With the magnetic positioner 130 as provided, the rotor 160 is prevented from getting stuck in a closed position relative to the stator 150, and thereby preventing mud from circulating down through the LWD tool and driving the turbine 58. In particular, during jamming (such as discussed hereinafter in detail with reference to FIG. 9), or during a power-down state, the magnets of magnetic positioner 130 will try to align themselves as shown in FIG. 5, with the south polarity inner magnets 130aS opposite the north polarity outer magnets 130bN, and the north polarity inner magnets 130aN opposite the south polarity outer magnets 130bS. The alignment of the magnets, causes the drive shaft 124 to rotate from whatever position it was in, to the position of FIG. 5. The rotation of the drive shaft in turn causes the rotor 160 to rotate. By placing the rotor 160 on its drive shaft in an "open" orientation relative to the stator 150 when the magnets are aligned as shown in FIG. 5, whenever the magnets return to the position of FIG. 5, the rotor 160 will be open relative to the stator 150. It will be appreciated that because of the 4:1 step down in gears (reduction), a one hundred eighty degree rotation of the drive shaft 124 of the magnetic positioner, will only effect a forty-five degree rotation of the drive shaft of the rotor 160. However, because the rotor 160 has four lobes, a forty-five degree rotation causes a rotor in a fully closed state to rotate into a fully open state.
As aforementioned, the turning of the rotor 160 of the modulator 18 generates a sinusoidal signal.

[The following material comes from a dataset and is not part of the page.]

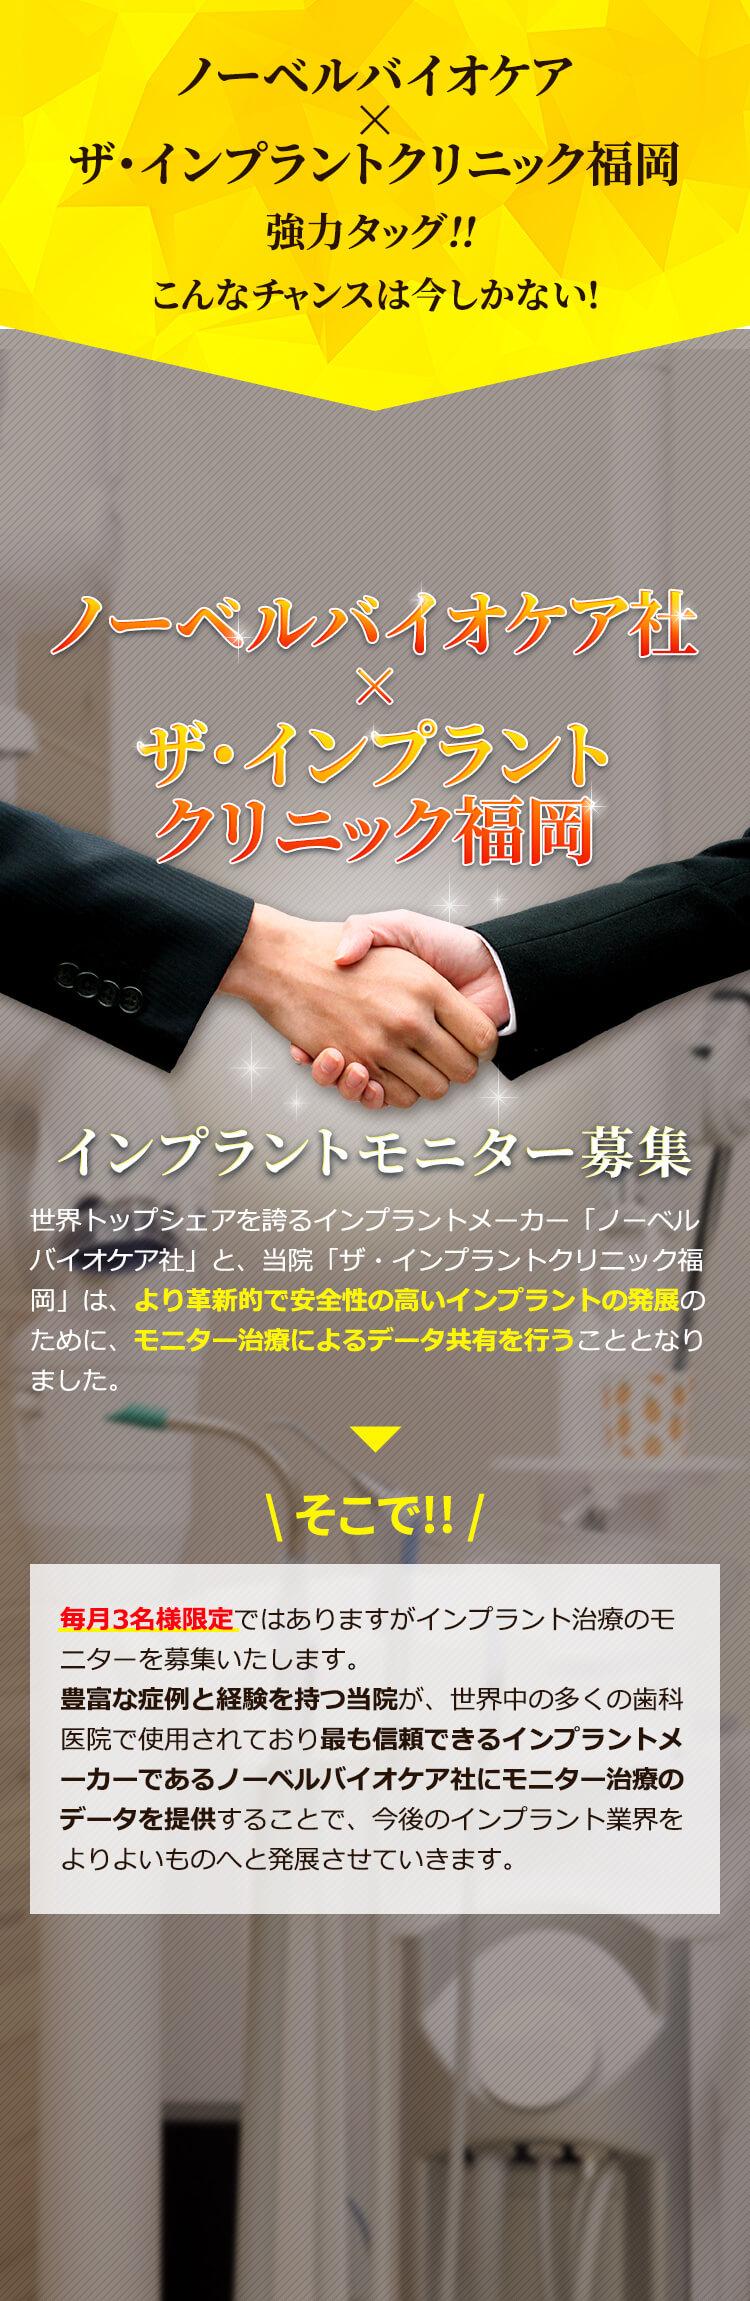 ノーベルバイオケア×ザ・インプラントクリニック福岡強力タッグ!!

In order to generate a signal which can be used to transmit downhole data to the surface equipment for detection, processing, and decoding, the rotation of the rotor 160 is controlled by the motor 100 which in turn is controlled by the microprocessor 91. In the preferred embodiment, the microprocessor 91 is programmed in order to permit the modulator to generate any carrier frequency up to 24 Hz, using either phase shift keying (PSK) type coding, on/off keying, frequency shift keying (FSK) type coding, or other encoding methods. In accord with the invention, the two preferred coding techniques are PSK type and FSK type. In phase shift keying (whether differential (D)PSK, bipolar (B)PSK, quaternary (Q)PSK or other such as OPSK) and as will be described in more detail with reference to FIGS. 7a-7d, the phase of the signal at predetermined points in time is determined. Depending upon the detected phase, a value is assigned. In DPSK and BPSK encoding, data bits of value 0 or 1 are transmitted regularly, while in QPSK and OPSK more than two values are allowed (thereby providing two or more bits of data per signal period). Likewise, in different types of frequency shift keying, values of 0, 1, . . . are assigned, as the frequency of the signal at predetermined points in time is determined, and based upon the detected frequency and the number of frequencies allowed, the value is assigned. Thus, if eight different operating frequencies are allowed, three bits of information may be sent during each signal period by insuring that the desired operating frequency is being transmitted at the appropriate time. Regardless of the type of coding utilized, the frequency or frequencies at which the signals are sent is determined according to the invention as described hereinafter with reference to FIG. 8.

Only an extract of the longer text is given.